DOI: 10.3923/ppj.2014.71.86

URL: https://scialert.net/abstract/?doi=ppj.2014.71.86
 
Received: December 09, 2013; Accepted: March 07, 2014; Published: April 19, 2014

INTRODUCTION

Faba bean, Vicia faba L. (Fabaceae), is considered as one of the most important food legumes in Egypt. The faba bean is a major staple food crop in Africa. Farmers plant around four million hectares of beans which correspond to 20% of total crop area planted (Bond, 1987). Broad beans can get better soil productiveness and decline the incident of infections, under certain environmental conditions (Mwanamwenge et al., 1998). A number of viruses may cause severe diseases in faba bean crops. There are 15 different viruses in the genus Comovirus of the family Comoviridae, such as BBTMV. Vicia faba L. one of the most important host plant to BBTMV, including other legume plants like peas, (Quantz, 1953). Symptoms of BBTMV infection can be severe in cool includes mild mosaic, malformation and necrosis (Paul and Quantz, 1959). Salicylic Acid (SA) is a natural signaling molecule involved in plant defense response against pathogen infection. Its function in plant disease resistance is well recognized for plants, where it is required for basal resistance against pathogens as well as for the inducible defense mechanism, Systemic Acquired Resistance (SAR) which confers resistance against a broad-spectrum of pathogens. (Chaturvedi and Shah, 2007). Our study appraised the special effects of exogenous treatment SA on the disease severity, BBTMV infection percentage, protein patterns in cultivars, protein bands numerals, molecular weight for each band and percentage of bands in susceptible and tolerance broad bean cultivars.

MATERIAL AND METHODS

The DAS-ELISA technique was applied as described by Clark and Adams (1977) to measure BBTMV concentrations in the infected and (SA+V)-treated leaves using three antibodies BBTMV, BBSMV and BYMV were obtained from International center for Agricultural Research in the Dry Areas (ICARDA), Plant virology, P.O. Box 5466, Aleppo, Syria.

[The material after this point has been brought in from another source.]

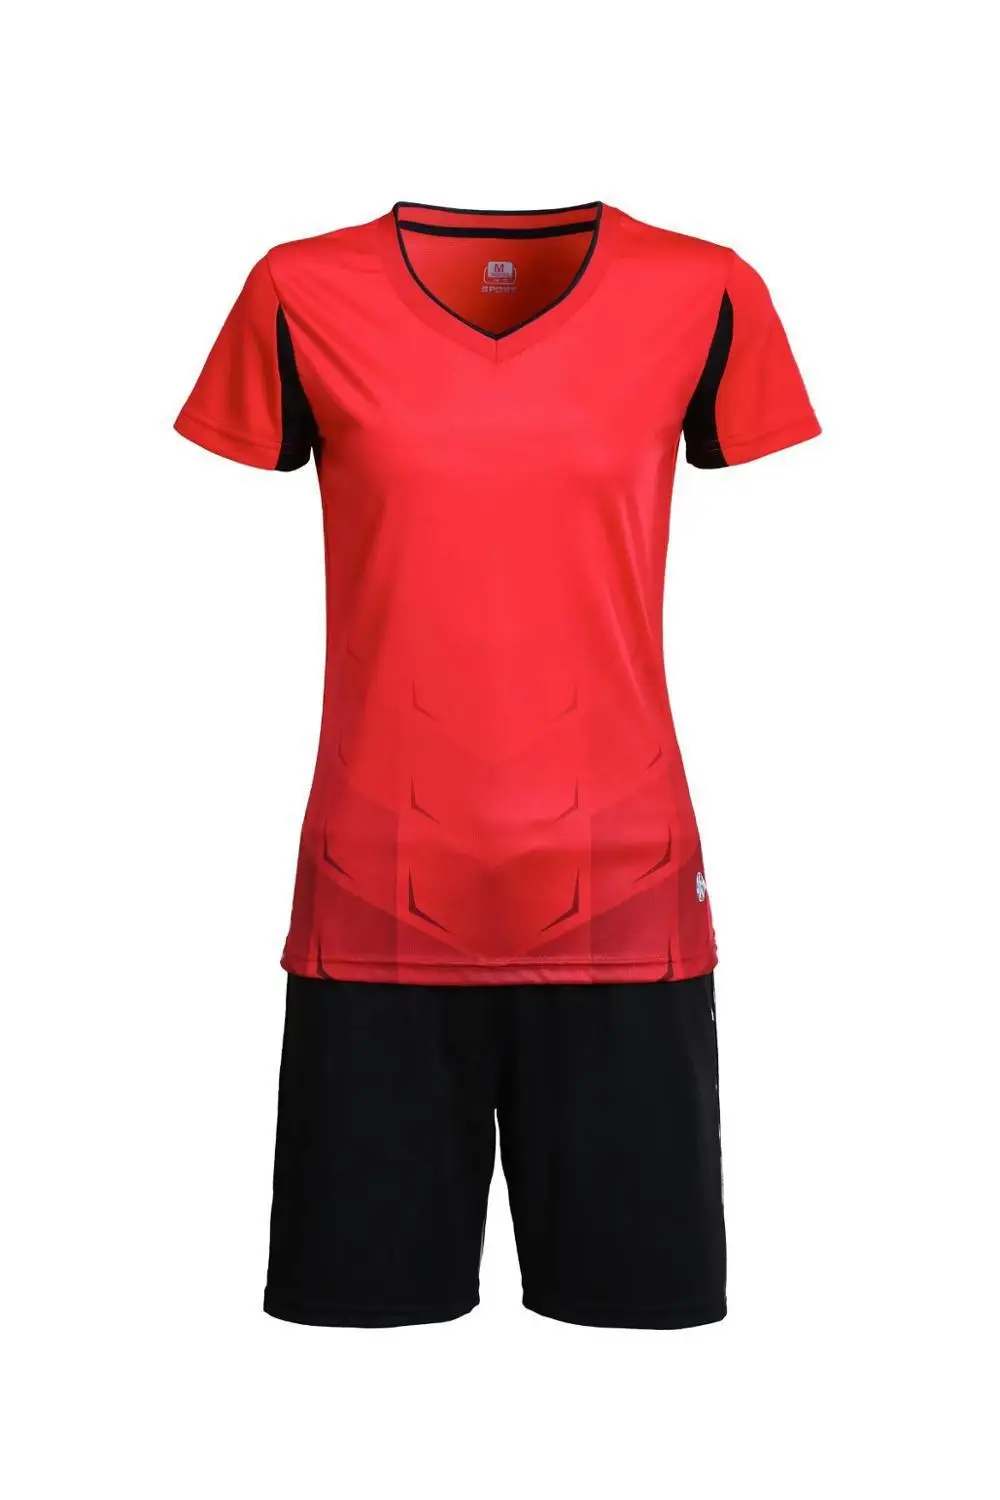 Г. женские тренажерный зал, Настольный теннис рубашки+ Шорты комплекты с коротким рукавом Футбол Джерси леди Футбол костюмы девушки Футбольная форма спортивной - Цвет: LB 1611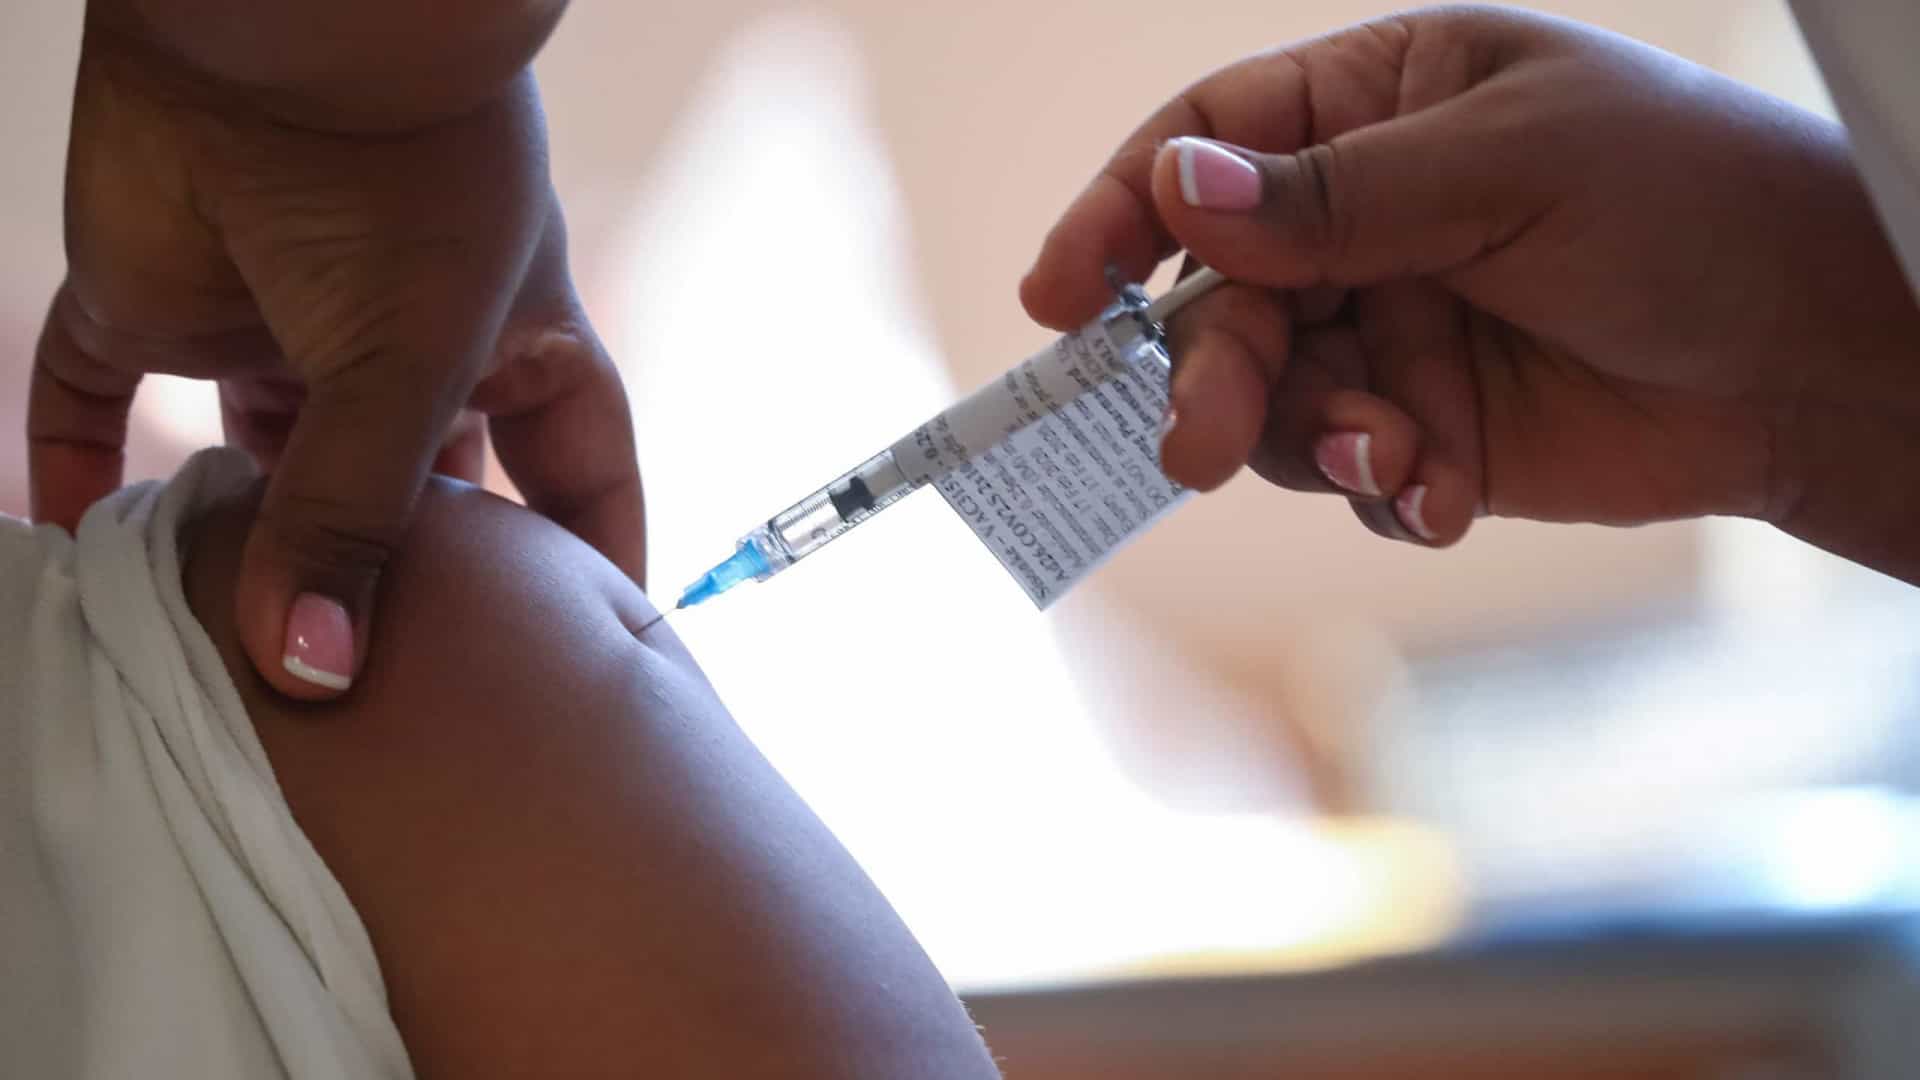 Continente africano quer produzir vacinas próprias

Four cultivars of faba bean, cv. Tribe White, Giza 3, Giza 717 and Sakha l) were planting in natural and favorable conditions suitable for broad bean growth. BBTMV used in these experiments was prepared from fresh severely infected leaves of faba bean cv. Giza 3. After 21 days of growth, plants with similar size were selected and divided into five groups. Each group consists of four replicates (a replicate is one pot containing three healthy plants). The namely of the groups was as follows, group 1: Control (sprayed with water), group 2: Inoculated with virus at the same time with the other groups, group 3: 50 μM (SA and BBTMV), group 4: 100 μM (SA and BBTMV), sprayed by SA and inoculated with virus 3 days later (SA and BBTMV) and group 5: 100 μM SA, sprayed without followed virus inoculation.

Every part of plant leaves were sprayed by SA treated. All leaves were mechanically inoculated by BBTMV inoculation after three days from SA spraying (Radwan et al., 2008). Disease severity and percentage of infection were calculated after 21 days from seedling inoculation and were recorded according to the subsequent balance (0) No external symptoms, (1) Light mottling and crinkling, (2) Mottling and crinkling, (3) Strict mosaic, size diminution and (4) Deformation. Disease Severity (DS) values were calculated using the following formula according to Yang et al. (1996):

The youngest developed leaves from both control and treated plants from four cultivars broad bean were collected after three weeks from inoculation for analysis of changes, 50 mg dry tissues of each cultivar from four broad bean leave cultivars infected and uninfected by BBTMV were treated with different salicylic acid concentrations and compared with control. the leaves cultivars were crocheted and extracted with SDS reducing buffer to determine the total soluble protein contents.

SDS-PAGE procedure was portrayed by Laemmli (1970). Gels were photographed and scanned by Gel Doc Bio-Rad System (Gel-Pro analyzer V3) t determine the percentage of similarity of four broad bean leaves cultivars of each treatment group and electrophoretic profile of total soluble protein extracted from treated and untreated four broad bean leaved cultivars.

ANOVA type one-way were used to calculated the noteworthy diversity in the averages of the experimental treatments. A probability at level of 0.05 or less was measured considerable.

RESULTS AND DISUSSION

The leaf cultivars of broad bean (Tribe White, Giza 3, Giza 717 and Sakha l) were exhibited systemic rigorous symptom under BBTMV inoculation compared with non-inoculated. Novel symptoms appeared including mosaic and crinkling, size diminution and malformation in susceptible cultivars cv. Giza 3 and Tribe White (Fig. 1), other than, mild mosaic, size reduction and light mottling in tolerant cultivars CV. Giza 717 and Sakha l (Fig. 2). On the other hand, SA treatments diminished the exterior of damaging symptoms reasoned by virus progress, principally when the leaves were treated with 100 μM SA under BBTMV infection while 100 μM (SA+V) treated leaves had no celebrate symptoms. On the other hand, mild BBTMV symptoms were observed by 50 μM (SA+V) application (Radwan et al., 2007;Radwan et al., 2008). This type of the systemic resistance might be initiated by SA is spraying in broad bean plants against BYMV Elbadry et al. (2006).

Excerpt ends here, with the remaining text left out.